* **STORED DATA**:
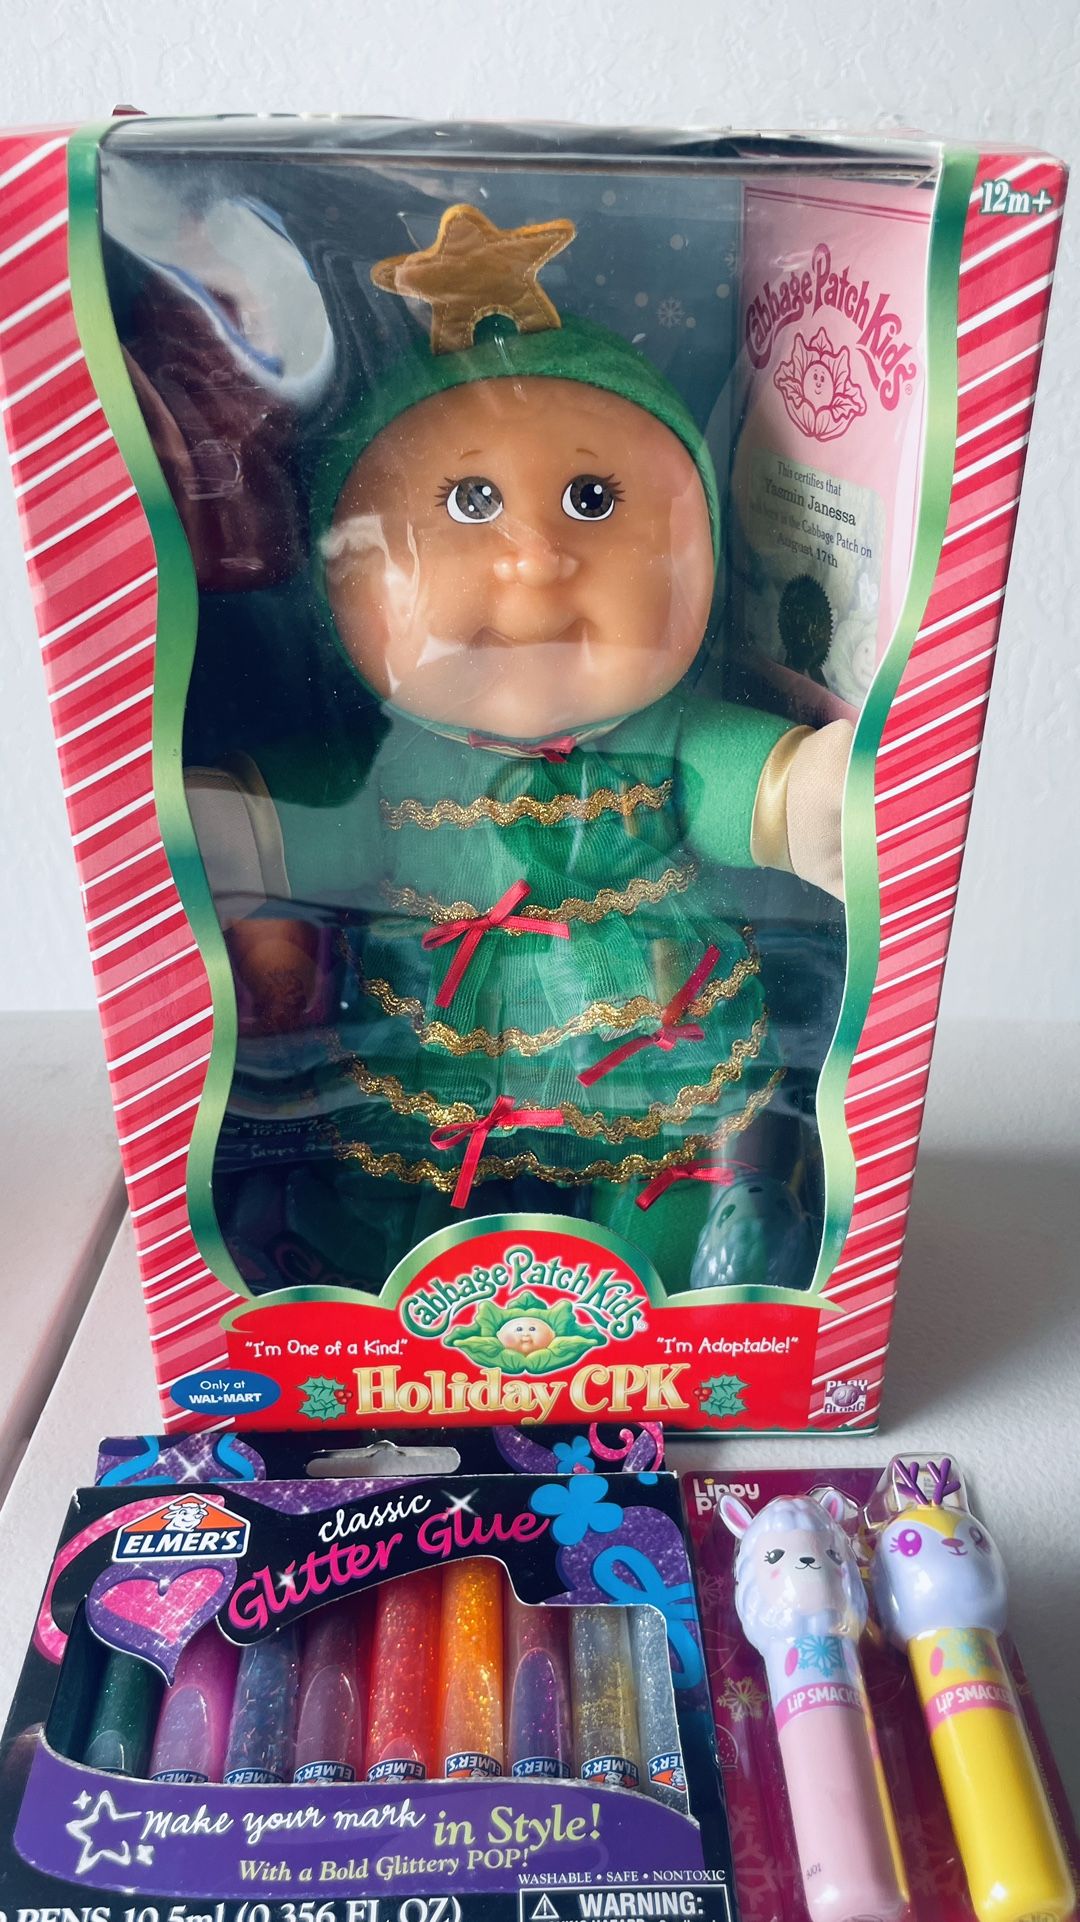 Cabbage Patch Doll Still in Box $15 
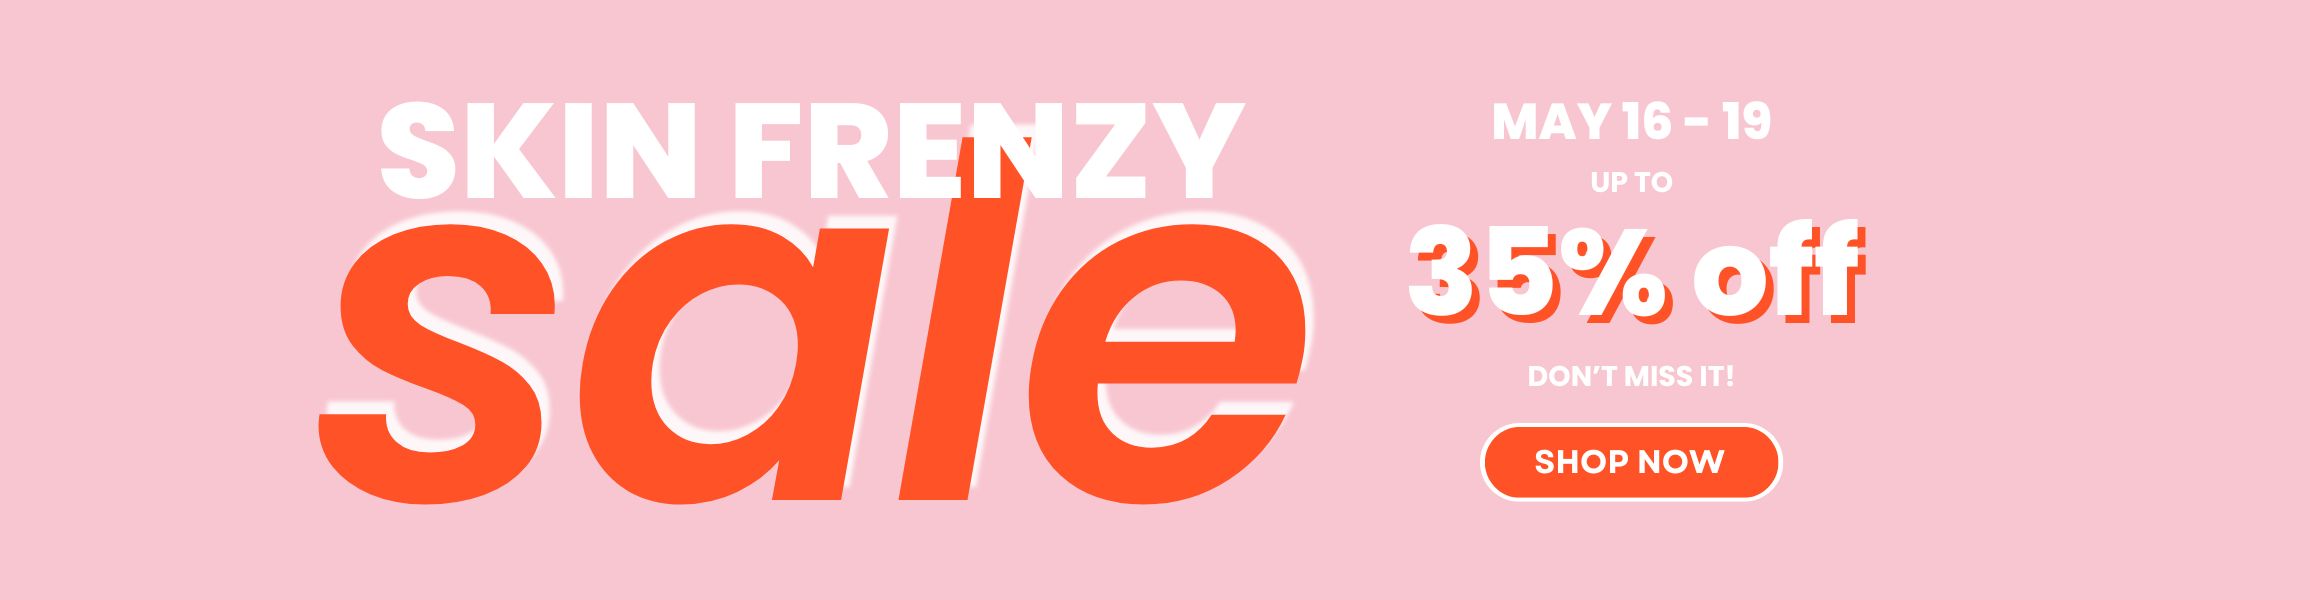 Skin Frenzy Sale - Up to 35% Off Selected Products. Ends Sunday 19th May.
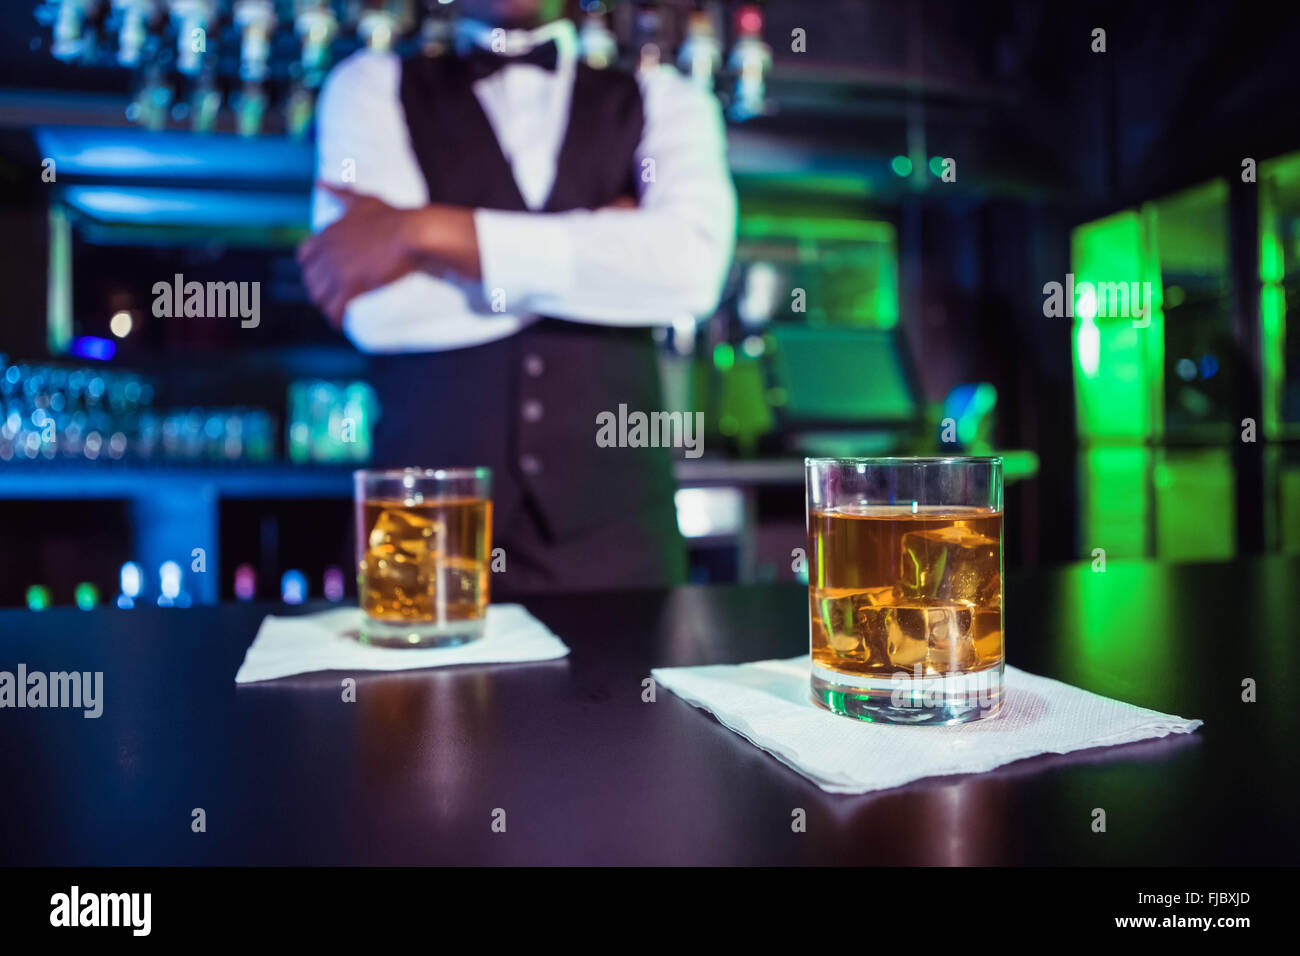 Two glasses of whiskey on bar counter Stock Photo

* **WORK REQUIRED**:
Pictures are to be dropped, and the lines from the line with "Skin Frenzy Sale" through the end of the material above are to be reproduced exactly.

* **RESPONSE BELOW**:
 Skin Frenzy Sale - Up to 35% Off Selected Products. Ends Sunday 19th May.
 Two glasses of whiskey on bar counter Stock Photo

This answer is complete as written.